Essentially what I want to do is have the user fill out a registration form, and then have a server-side script attempt to register that information. If the registration succeeds, then the user will be redirected to a page telling them to look for a verification email. If that registration fails (the email address is already in the system, not matching passwords, whatever), I would like to reload the page, but display the error message to the user above the form. Currently the form I have is being echoed out of a php file which is separate from the HTML from where the page is stored. My three questions are this.
-
From what I’ve read, the way to redirect users on success is to use header(“Location: http://foo.com“). Is that correct, or is there a more proper way to do it?
-
How can I get access to the error(s) that caused the first user to fail?
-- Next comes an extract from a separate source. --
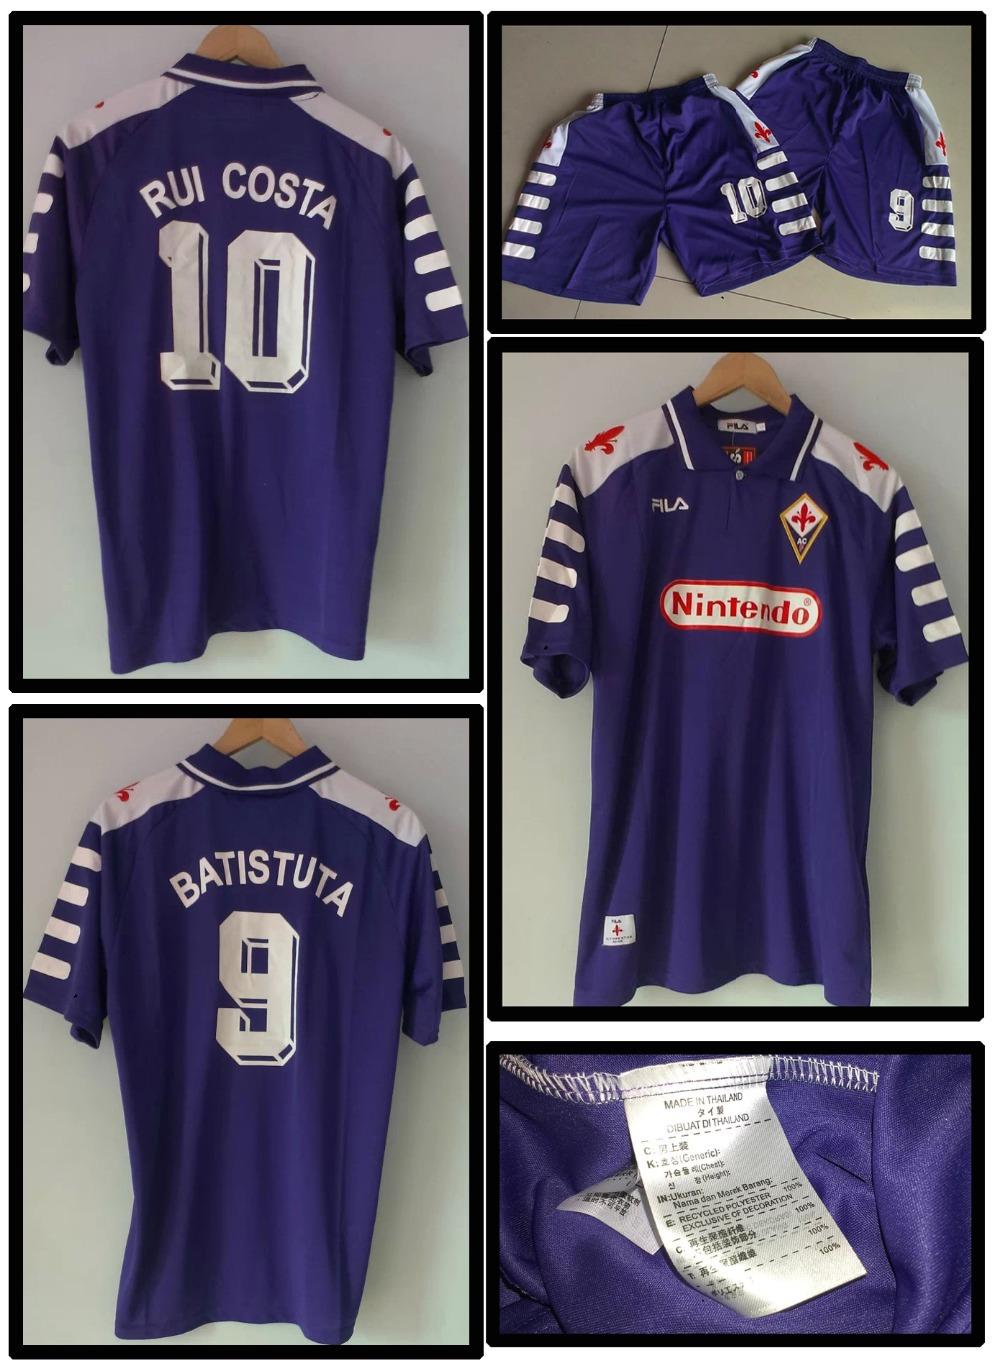 Hot ! Retro Fiorentina Jersey Batistuta/ Rui Costa 98-99 Season Football Retro Jersey Soccer Accessories(China (Mainland))

I’ve read that setting a session variable is a poor idea for a number of different reasons, but without that how can I keep track of the errors thrown by the form validation? Should I just create a global $errors variable that I clear every time I echo the registration form?
-
For this case, should the page that the registration form is on have a .html extension or a .php extension, or does it not matter? More generally, is there any rule for when a page is .html vs .php/.asp/something else?
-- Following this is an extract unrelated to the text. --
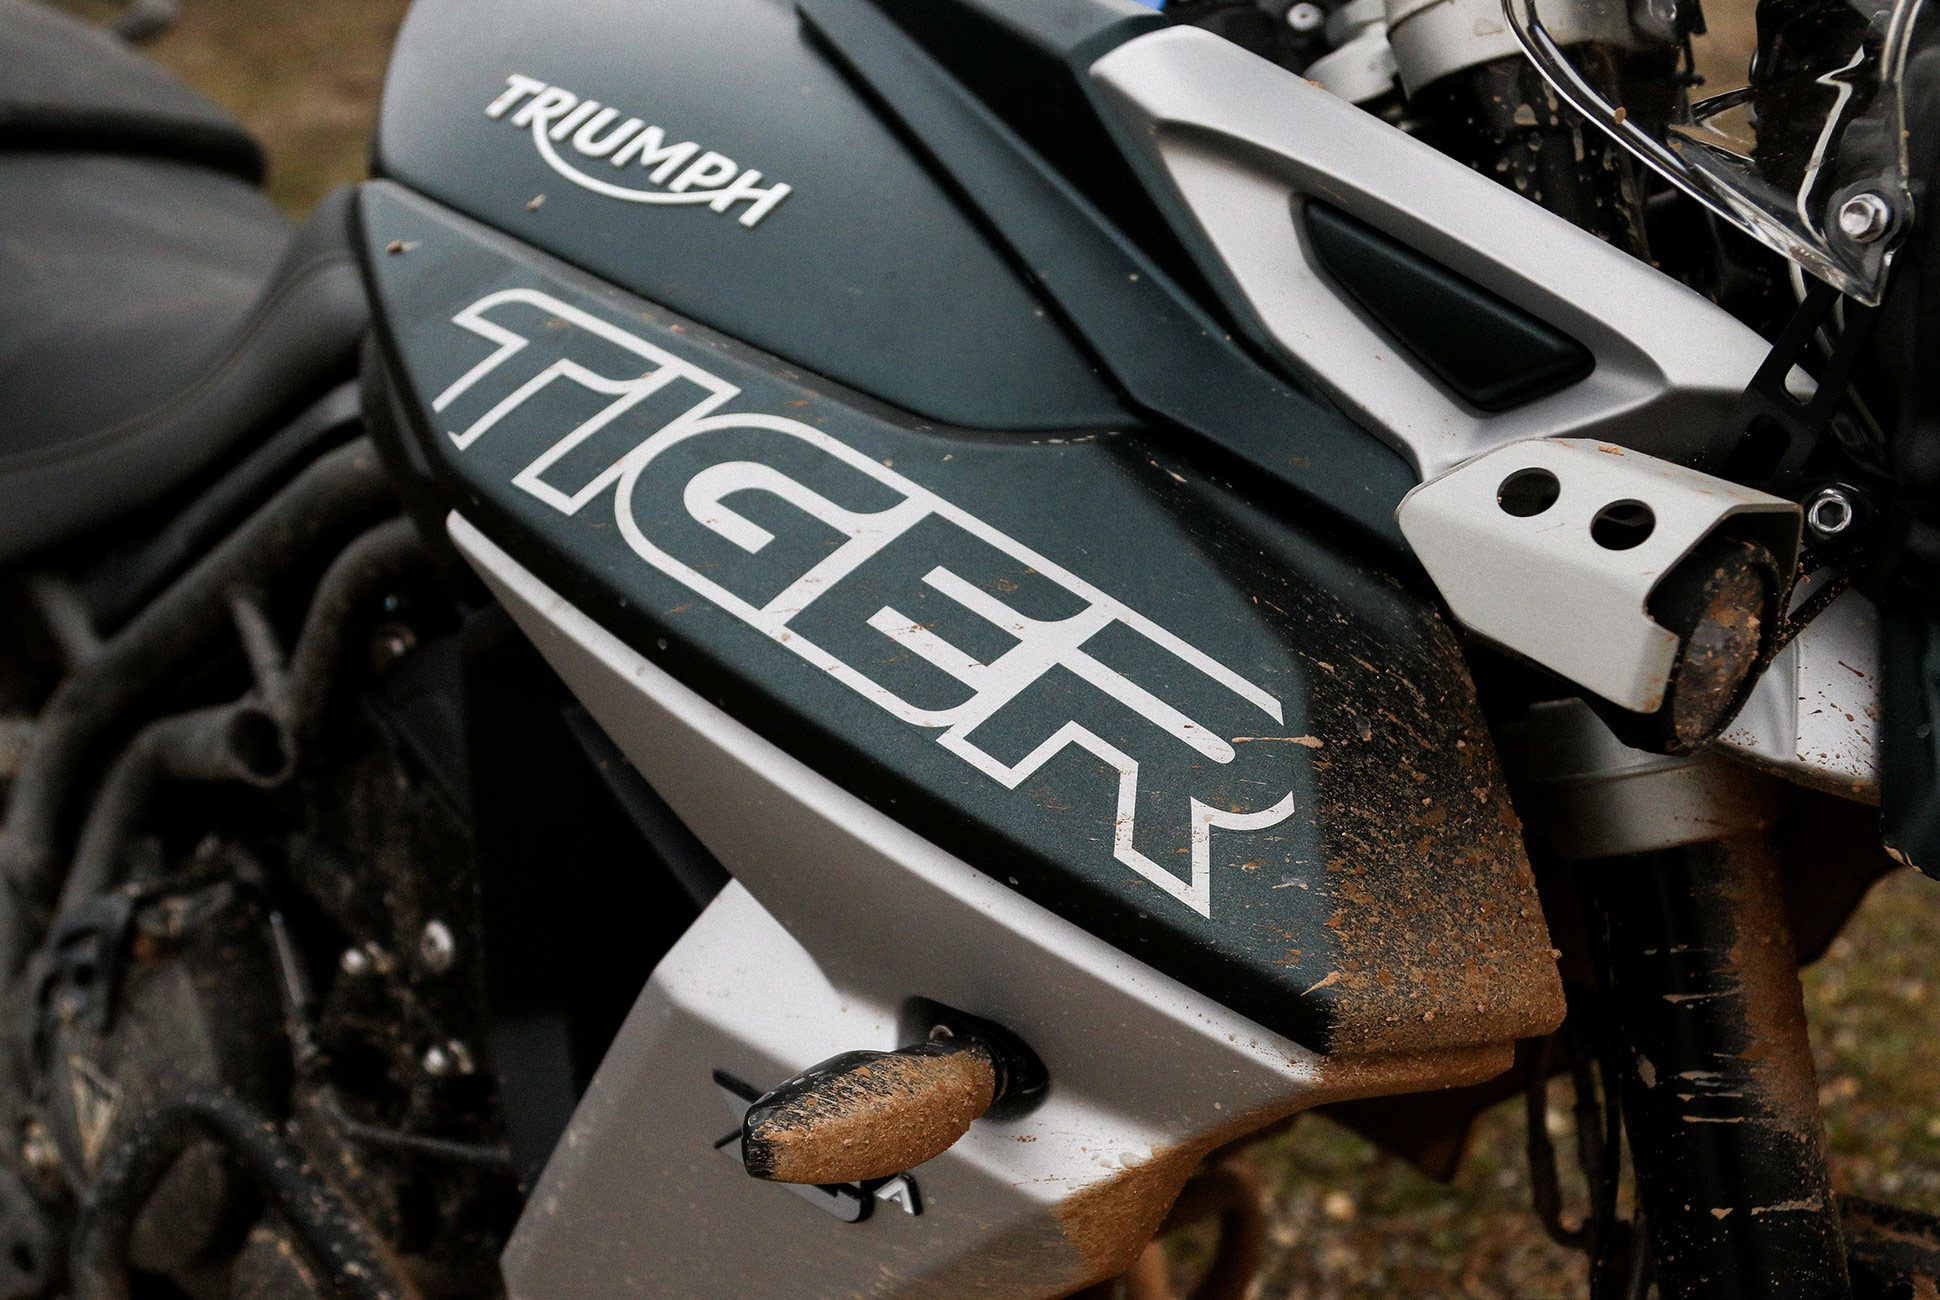 Triumph-Tiger-800-Review-gear-patrol-slide-11

Edit: added code below. Note, the form is rendered from a file called in ../views/register_form.php (I assume this is how I’d work on getting something MVC-like in PHP)
The page that the form is rendered on (called index.html)
<body>
<script type="text/javascript"> <!-- put the jquery load stuff into here -->
$(function(){
$("#registration_form").load("views/register_form.php");});
</script>
<div class="topbar"><!-- Create the top bar layout-->
<div class="fill">
<div class="container">
<a class="brand" href="#">Website!</a>
<ul class="nav">
<li class="active"><a href="#">Home</a></li>
<li> <a href="#about">About</a></li>
</ul>
<form action="scripts/login_user.php" method="post" class="pull-right">
<input class="input-medium" id="login-email" type="text" name="email_addr" placeholder="email" />
<input class="input-medium" id="login-password" type="password" name="password" placeholder="password" />
<button class="btn" type="submit">Login now!</button>
</form>
</div>
</div>
</div>
<div class="container">
<div class="content">
<div class="page header">
Page header!
</div>
<div id="registration_form">
</div>
The script
if(//some of the data in the form isn't set)
{
//Set error conditions based on missing data
}
$confirm_password=$_REQUEST['confirm_password'];
$password=$_REQUEST['password'];
if($confirm_password != $password){
//report passwords don't match}
$email_addr=$_REQUEST['email_addr'];
$first_name=$_REQUEST['first_name'];
$last_name=$_REQUEST['last_name'];
try
{
$successful_creation=create_user_and_send_verification_email($email_addr, $password, $first_name, $last_name);
}
catch(Exception $e)
{
/*SQL errors are caught here*/
}
if($successful_creation==FALSE)
{
//If it couldn't be inserted for a non exception generating reason. If I get here, should I echo a page that has those errors printed, but is otherwise identical to the previous one?
}
else
{
//redirect to a "wait for a verification email" page
}
I hope that helps point you in the right direction, although a more focused question with the code you have up to now would generate a better answer.
There are lots of tutorials on this on the web, you should follow one of those and experiment.